The supply of the Isophonics dataset utilized by ByteDance’s researchers seems to be Isophonics.internet, described as the house for software program and knowledge sources from the Centre for Digital Music (C4DM) at Queen Mary, College of London.
The Isophonics web site notes that its “chord, onset, and segmentation annotations have been utilized by many researchers within the MIR group.”
The web site explains that “the annotations printed right here fall into 4 classes: chords, keys, structural segmentations, and beats/bars”.
In 2022, ByteDance’s researchers printed a video presentation of their, To catch a refrain, verse, intro, or the rest: Analyzing a track with structural features paper for the Worldwide Convention on Acoustics, Speech, and Sign Processing (ICASSP).

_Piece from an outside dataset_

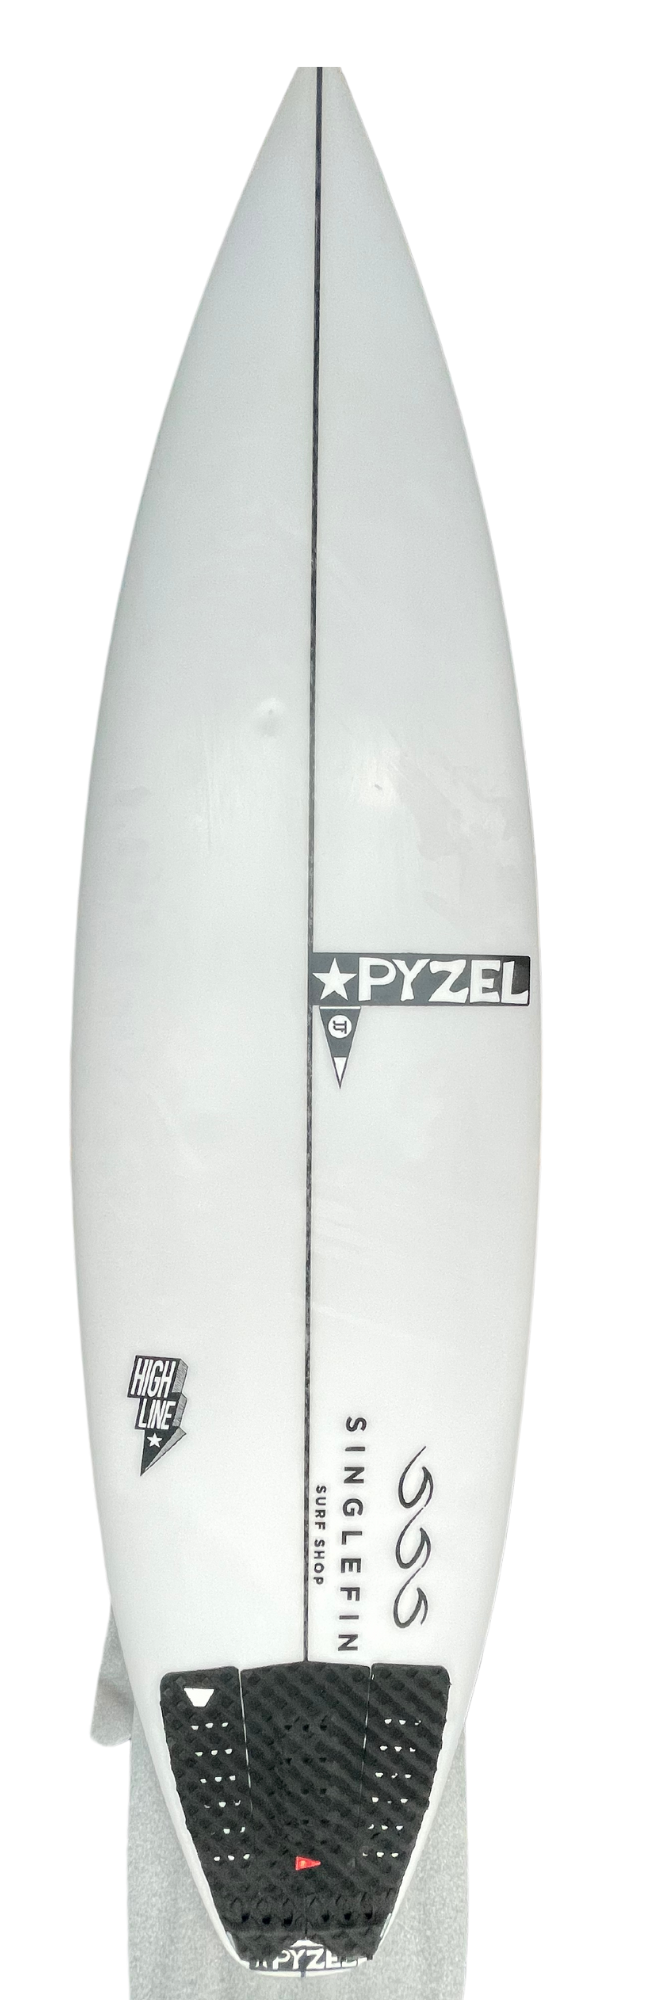 planche de surf Pyzel HighLine 5'11 - 27lts Karim

You may see this presentation under.
The video’s caption describes a “novel system/technique that segments a track into sections reminiscent of refrain, verse, intro, outro, bridge, and so forth”.
It demonstrates its findings associated to songs by the Beatles, Michael Jackson, Avril Lavigne and different artists:
We have to be cautious right here over any suggestion that ByteDance’s AI music-generating expertise could have been “skilled” utilizing songs by in style artists just like the Beatles or Michael Jackson.

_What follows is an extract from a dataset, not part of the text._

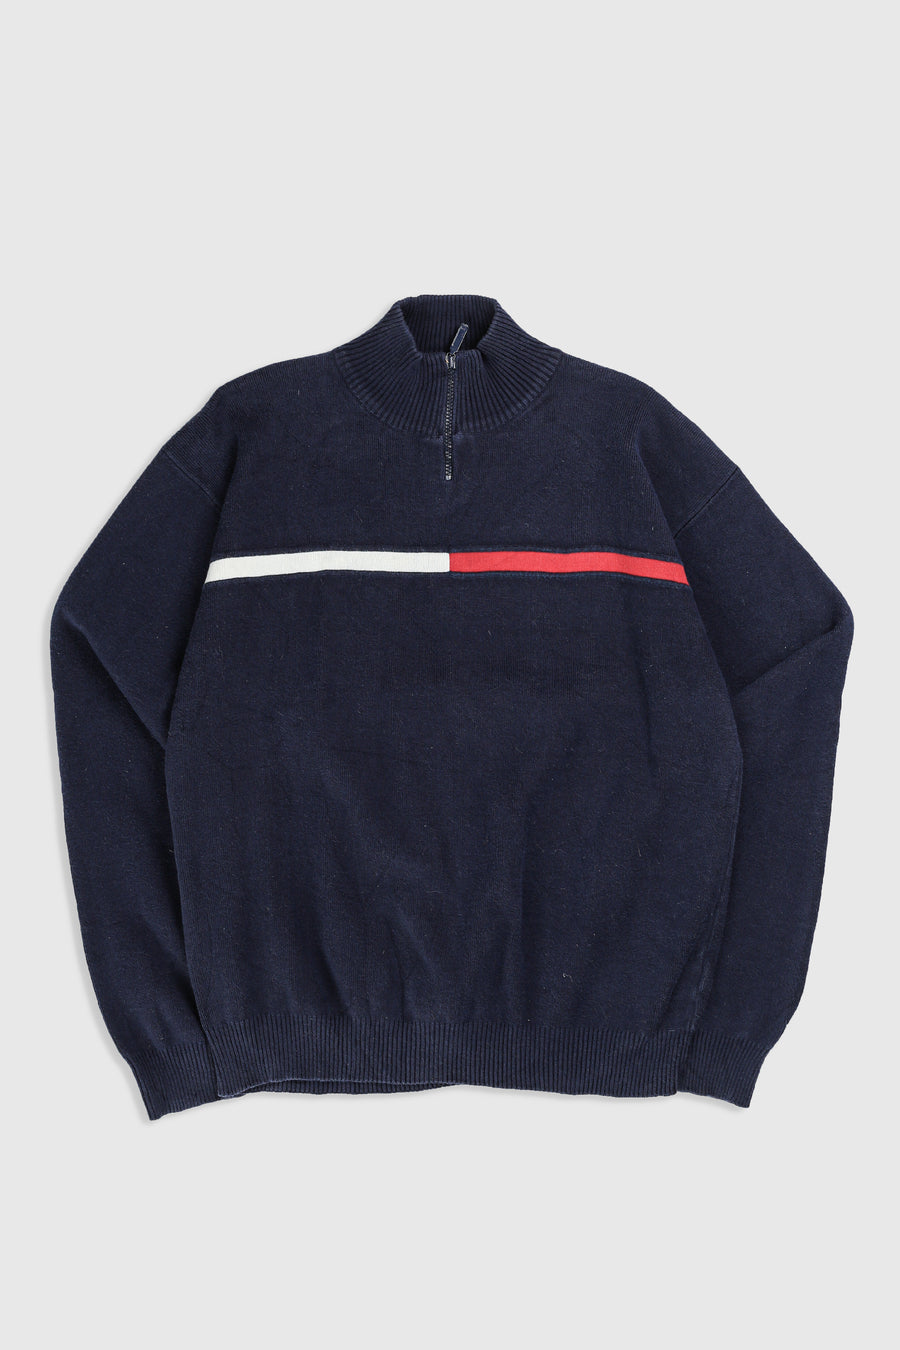 Vintage Tommy 1/4 Zip Sweater

But, as you may see, a dataset containing annotations of such songs has clearly been used as part of a ByteDance analysis mission on this area.

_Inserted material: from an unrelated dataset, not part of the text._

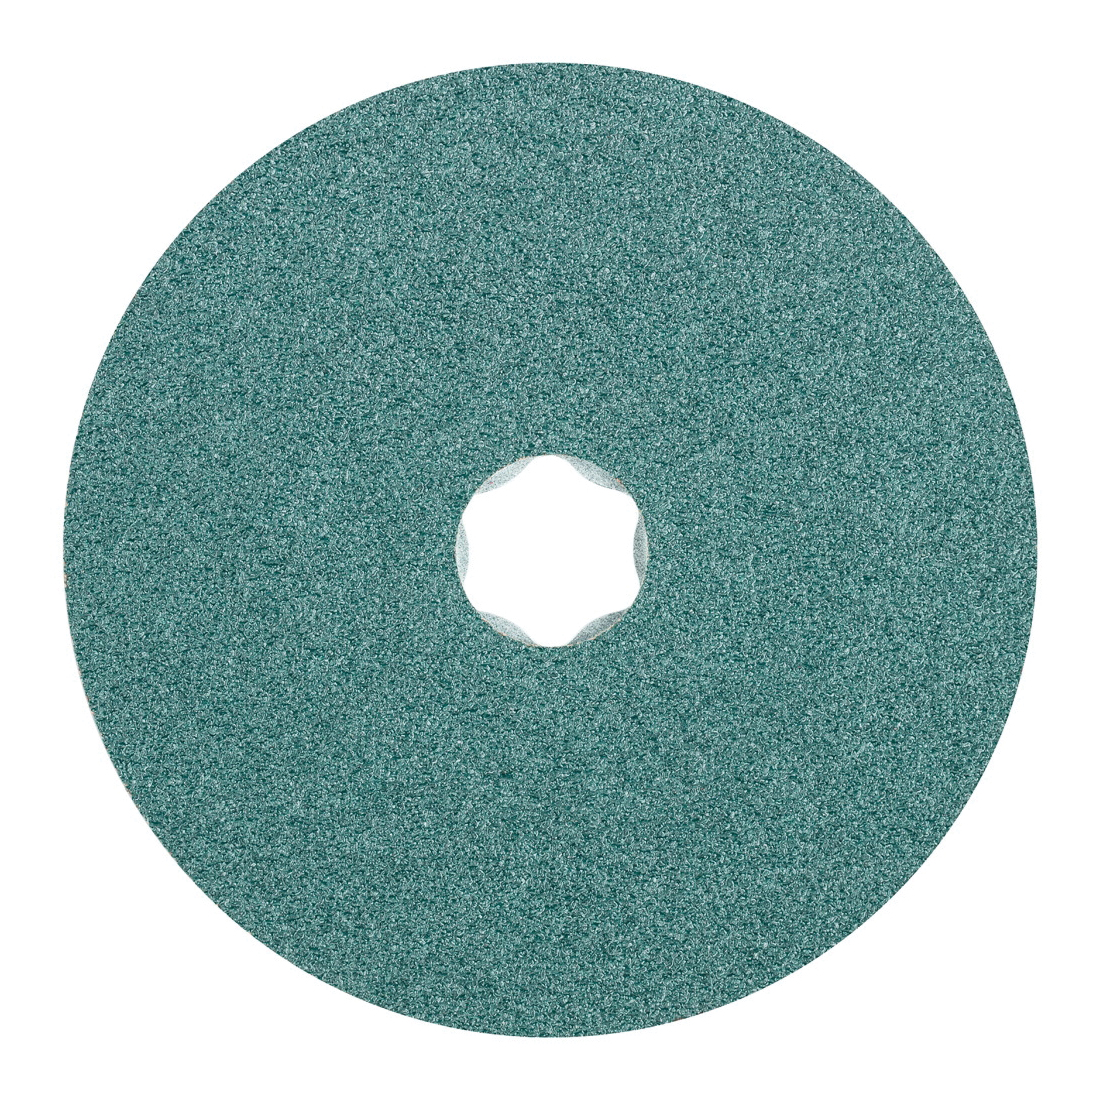 PFERD COMBICLICK® 40132 Coated Abrasive Disc, 4-1/2 in Dia, 50 Grit, Zirconia Alumina Abrasive

Any evaluation or reference to in style songs and their annotations in analysis performed or funded by a multi-billion-dollar expertise firm will certainly increase quite a lot of questions for the music {industry} – particularly these employed to guard its copyrights.
“We firmly consider that AI applied sciences ought to assist, not disrupt, the livelihoods of musicians and artists. AI ought to function a device for creative expression, as true artwork all the time stems from human intention.”
ByteDance’s Seed-Music researchers
There’s a part devoted to Ethics and Security on the backside of ByteDance’s Seed-Music analysis paper.
In response to ByteDance’s researchers, they “firmly consider that AI applied sciences ought to assist, not disrupt, the livelihoods of musicians and artists“.
They add: “AI ought to function a device for creative expression, as true artwork all the time stems from human intention. Our aim is to current this expertise as a chance to advance the music {industry} by reducing limitations to entry, providing smarter, sooner modifying instruments, producing new and thrilling sounds, and opening up new potentialities for creative exploration.”
The ByteDance researchers additionally define moral points particularly: “We acknowledge that AI instruments are inherently susceptible to bias, and our aim is to supply a device that stays impartial and advantages everybody. To realize this, we purpose to supply a variety of management parts that assist reduce preexisting biases.
“By returning creative selections to customers, we consider we are able to promote equality, protect creativity, and improve the worth of their work. With these priorities in thoughts, we hope our breakthroughs in lead sheet tokens spotlight our dedication to empowering musicians and fostering human creativity by way of AI.”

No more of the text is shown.